Stop Sabotaging Your College Application: 6 Pitfalls and How to Avoid Them

Confession time: I love helping students craft college applications. Weird hobby? Maybe. But to me, an application is like a storybook—a student’s life condensed into essays, activities, and a little brag sheet sprinkled with personality.
When it’s done well, it sings. When it’s not… well, let’s say admissions officers have probably rolled their eyes more times than I can count.
After working with numerous students, I’ve noticed a recurring pattern of mistakes. Consider this your friendly guide (with a few stories and a little humor) to avoid falling into the same traps.
1. Letting AI write your essay.
Here’s the truth: colleges want you. Not a robot’s version of you. I once had a student copy an AI essay and forget to delete the placeholder that literally said “(insert college name here).” Nothing says “admit me!” like proving you didn’t even read your own essay, right?
You’ve lived 17 years. That’s 17 years of stories, adventures, embarrassing moments, and lessons learned. Scroll through your camera roll, chat with your parents, or remember that one time you failed spectacularly and laughed about it later. That’s your gold.
2. Spending 800 Words on the setup and 50 on the lesson.
Your essay isn’t a Netflix pilot episode. You don’t need 45 minutes of setup before the action starts. The real magic is in the lesson—what happened, how you grew, who you became.
Don’t say, “I became more compassionate.” Show it. Tell me how you once walked by someone eating lunch alone, but now you pull up a chair and strike up a conversation. That’s growth. That’s character.
3. Your personal statement = get weirdly personal.
This is not the place to summarize your résumé. This is the place to show admissions officers a side of you they’d never see otherwise. The Lego city you secretly build, the way you belt out 90s boy band songs in the car, the fact that you’re the unofficial dog-walker of your neighborhood.
Surprise them. Delight them. Make them say, “I’d like this kid as a roommate.”
4. Oversharing.
Some students lean too hard into trauma dumps. Here’s the rule: share with purpose. If it doesn’t tie to growth, strength, or resilience, save it for your journal.
One student once wrote so much about her mom’s illness that the essay accidentally read like she wasn’t ready to leave home. The better version? Writing about how her mom’s cancer forced her to grow independent—learning to grocery shop, cook, and run a household as a teenager – and how it translated to different areas of her life outside the home. Same story, better framing.
5. Activities: Fewer, deeper, better.
Your activities list should not look like the Cheesecake Factory menu—with too many options and no clear theme. Stick to one or two threads that show focus. If you want business, highlight DECA, your Etsy store, or that time you made actual money flipping sneakers. Colleges want direction, not dabbling.
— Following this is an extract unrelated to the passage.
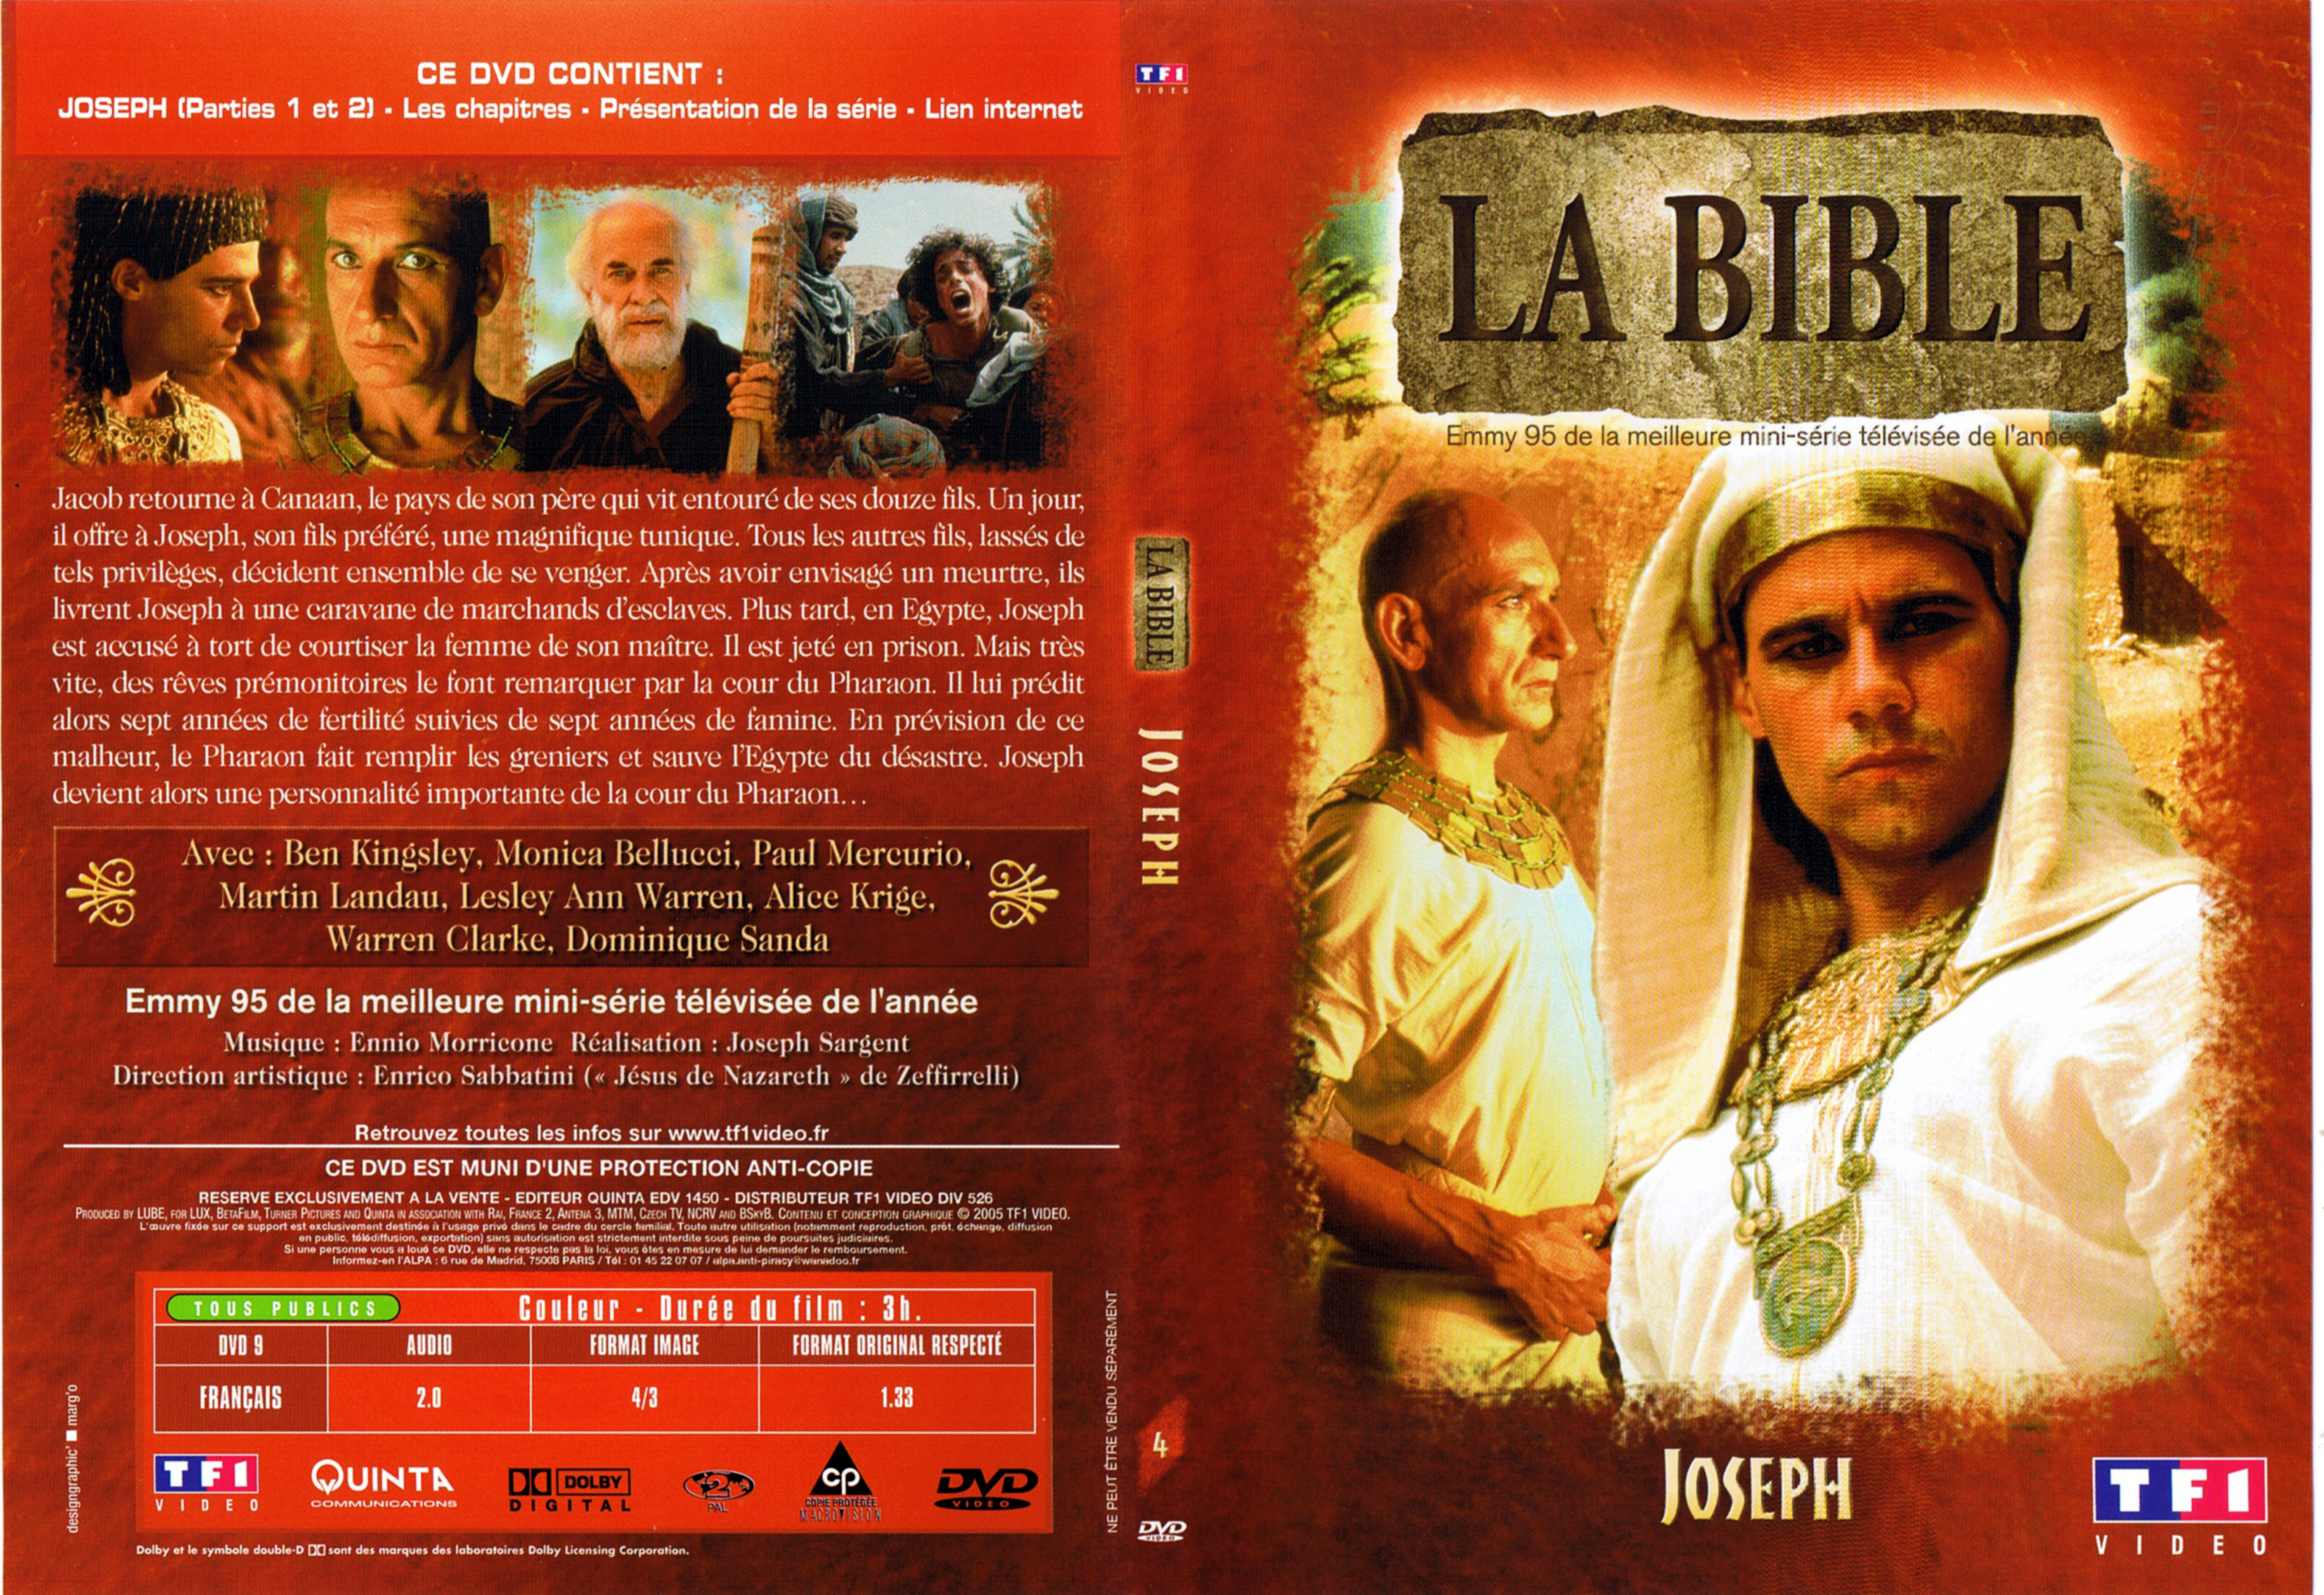 Jaquette DVD La bible - Joseph

6. Supplemental essays: Don’t be redundant.
If you already covered it in your personal statement, don’t rehash it in your supplements. Each essay is a new chance to show a different angle of who you are. And if the word count is 200? Don’t turn in 150. That’s like leaving a brownie half-eaten—it just doesn’t make sense.
At the end of the day, your application is a highlight reel of you. Give admissions officers a story worth remembering, not one they’ve read a hundred times. Make them laugh, nod, or lean in closer. But most of all—make them believe that behind those words is a student they’d love to welcome to campus.